Thompson, Altmire 'hopeful' about new bidding bill
WASHINGTON – Reps. Glenn Thompson, R-Pa., and Jason Altmire, D-Pa., set the stage for a new bill to repeal competitive bidding at a press conference on March 15.
Thompson and Altmire introduced H.R. 1041, the Fairness in Medicare Bidding Act, on March 11. A previous bill to repeal the program, H.R. 3790, garnered 260 supporters in Congress last year.
Thompson is “hopeful we’ll get as much if not more traction,” with the new bill, according to AAHomecare.
Thompson and Altmire’s strategy to advance the new bill: Point out the problems that Round 1 of the program, which went into effect Jan. 1, has caused beneficiaries and small businesses.
“Now that it has happened, we have a demonstrably negative impact to this, and I think that’s going to help the case for repeal,” Altmire said, according to AAHomecare.
Thompson and Altmire plan to “pay for” repealing competitive bidding by rescinding $20 billion in “unobligated balances of all discretionary appropriations.” They leave it up to the director of the Office of Management and Budget to determine where those funds would come from, but they do stipulate that they can’t come from the Department of Defense or the Department of Veterans Affairs.
At AAHomecare’s Washington Legislative Conference, which began March 16, Rep. Heath Shuler, D-N.C., one of the speakers, told attendees that he would cosponsor H.R. 1041. Shuler said that while Congress faces tough budget choices, the budget cannot be balanced “on the backs of children and seniors,” according to AAHomecare.
Rep. Tom Price, R-Ga., also told participants he would co-sponsor H.R. 1041.

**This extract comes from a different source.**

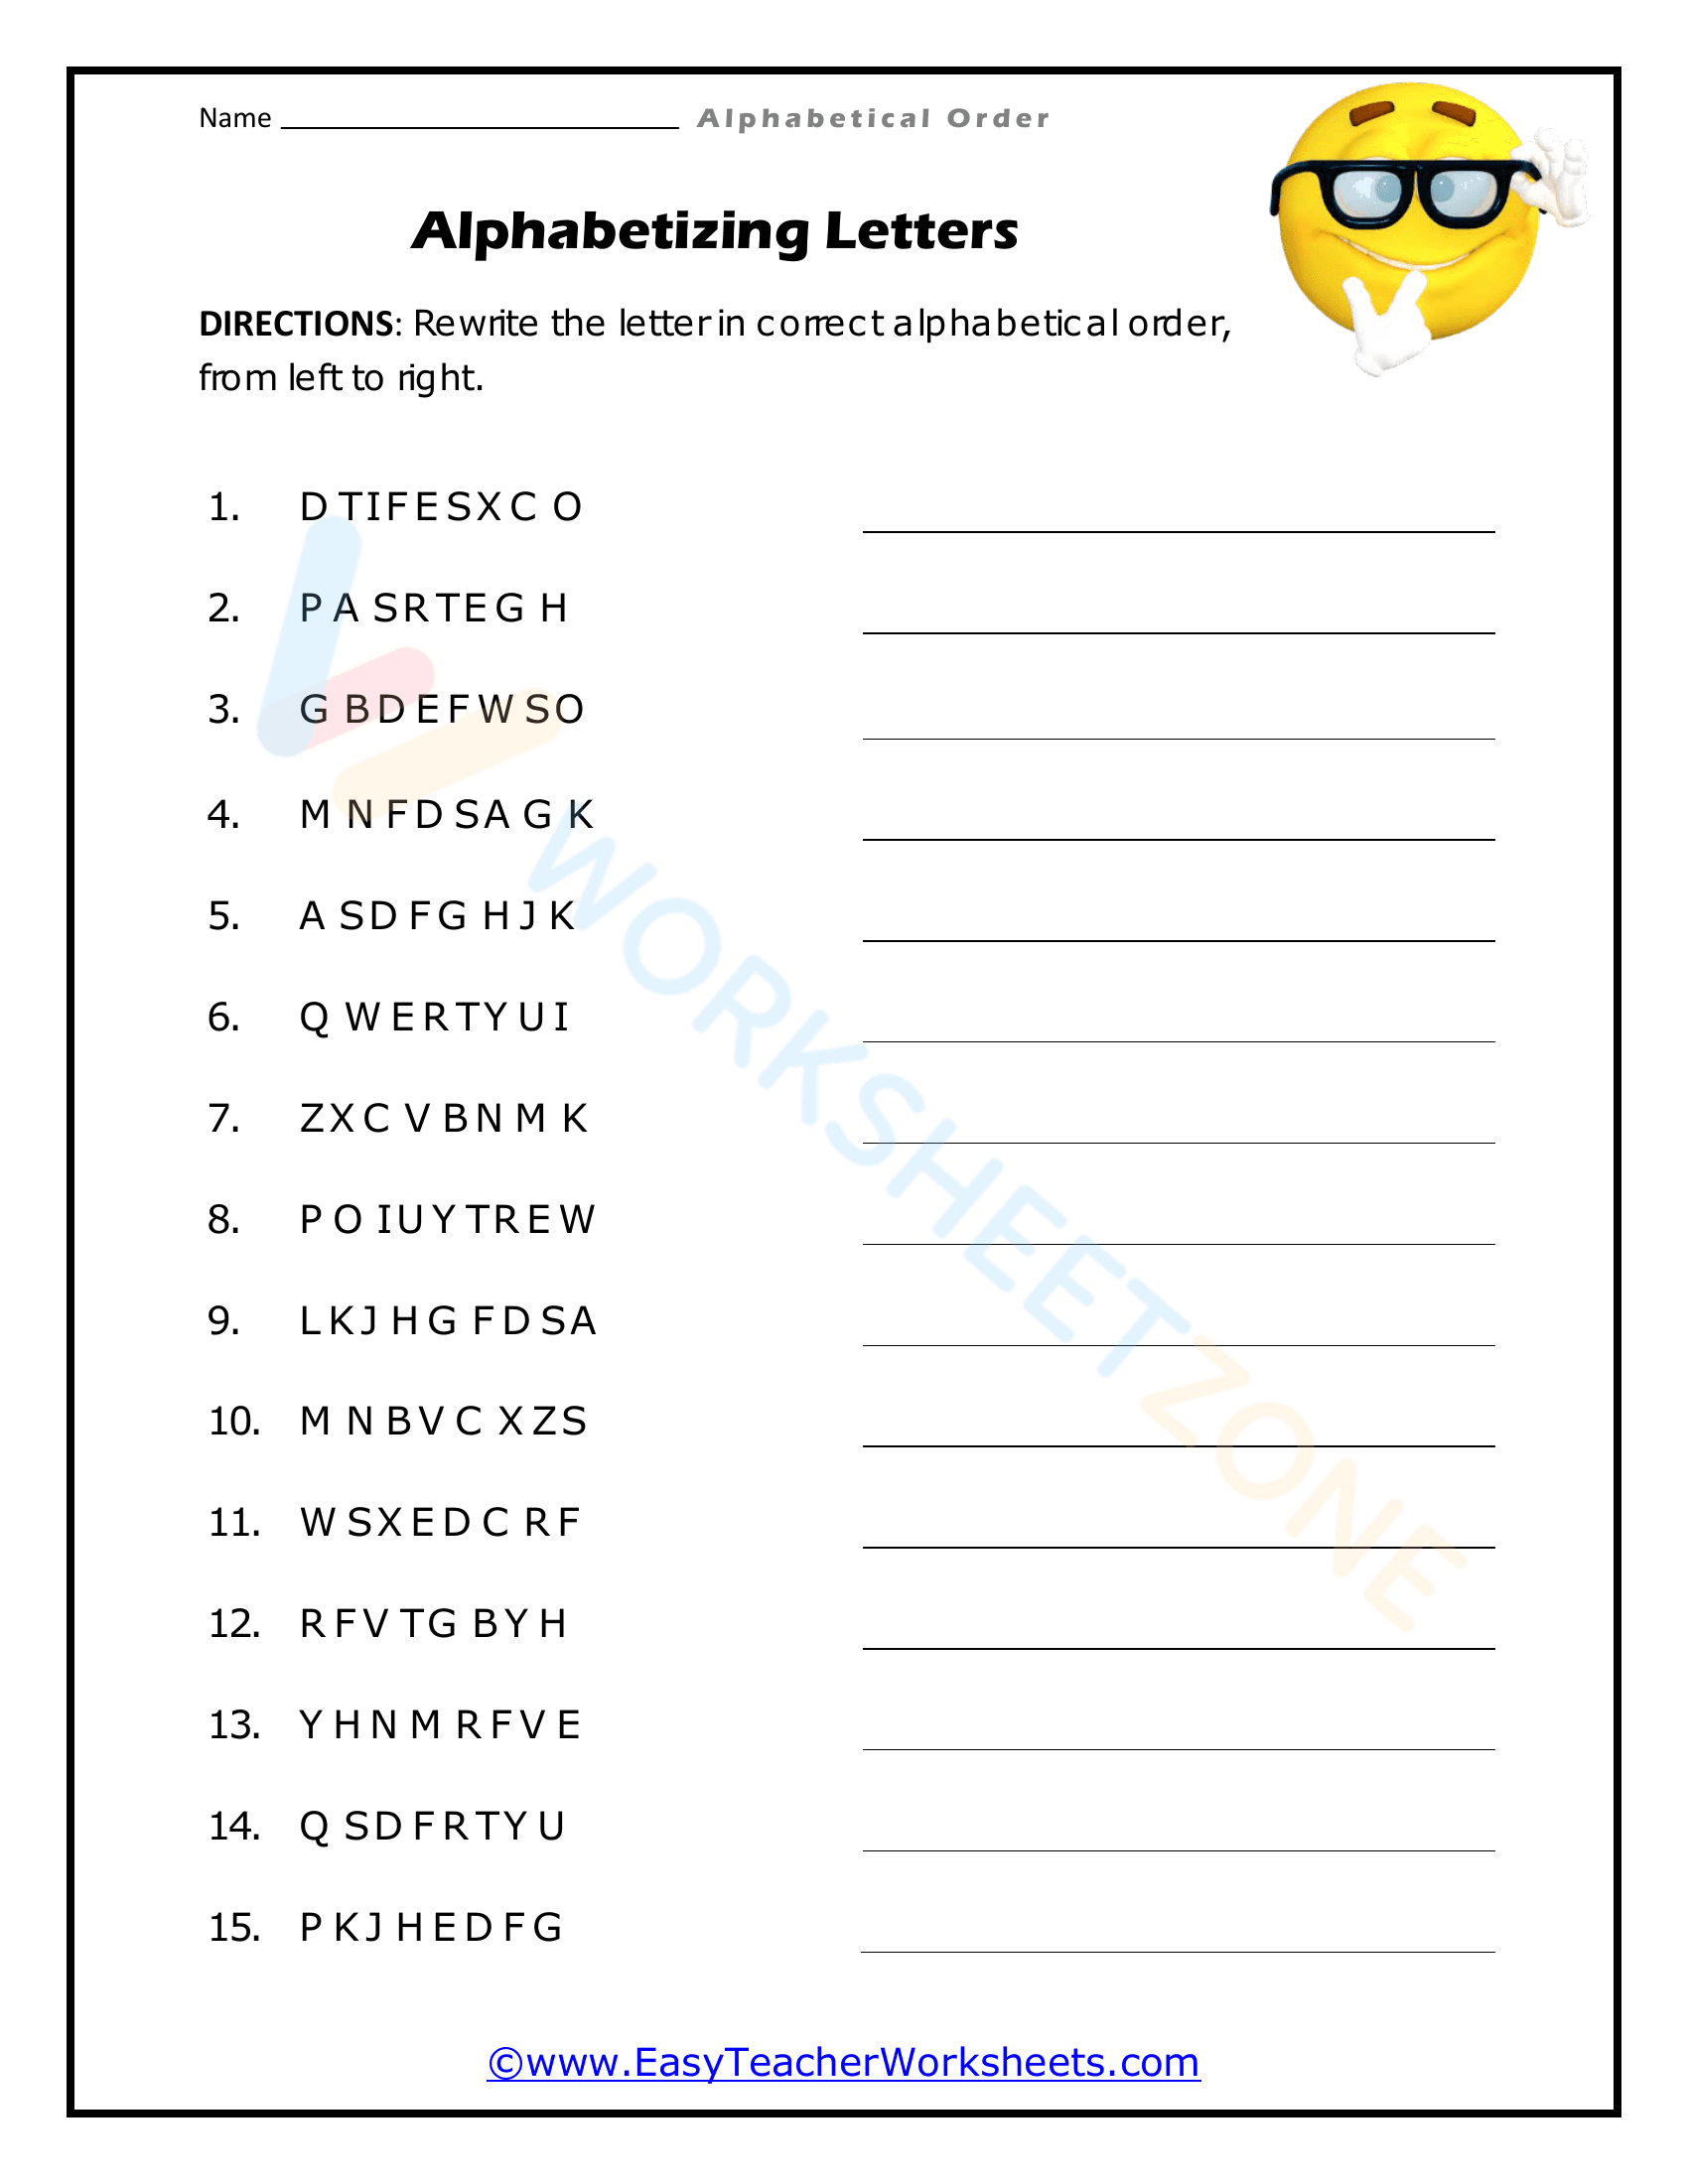 alphabetical order worksheets 9

A number of patient advocacy and consumer groups have already thrown their hats in the ring, too, according to AAHomecare. Among them: the ALS Association, the Bain Injury Association of America, and the Christopher and Dana Reeve Foundation.
Also speaking in support of H.R. 1041 at the press conference on March 15: Tyler Wilson, president, AAHomecare; Georgie Blackburn, vice president, government relations, Blackburn’s; Cynthia Morton, executive vice president, the National Association for the Support of Long Term Care; Seth Johnson, vice president of government affairs, Pride Mobility Products, Inc.; John Shirvinsky, executive director, Pennsylvania Association of Medical Suppliers; Stan Holbrook, president and CEO, Three Rivers Center for Independent Living; and Barbara Rogers, president and CEO, National Emphysema/COPD Association (NECA).
“We appreciate the bipartisan leadership of Congressmen Thompson and Altmire who recognize that the Medicare bidding program is a severely flawed approach to providing care to seniors and people with disabilities,” Wilson commented in a press release to the national media. “Home-based care is already the most cost-effective setting for post-acute care, and this bidding system is merely a badly designed solution in search of a problem.”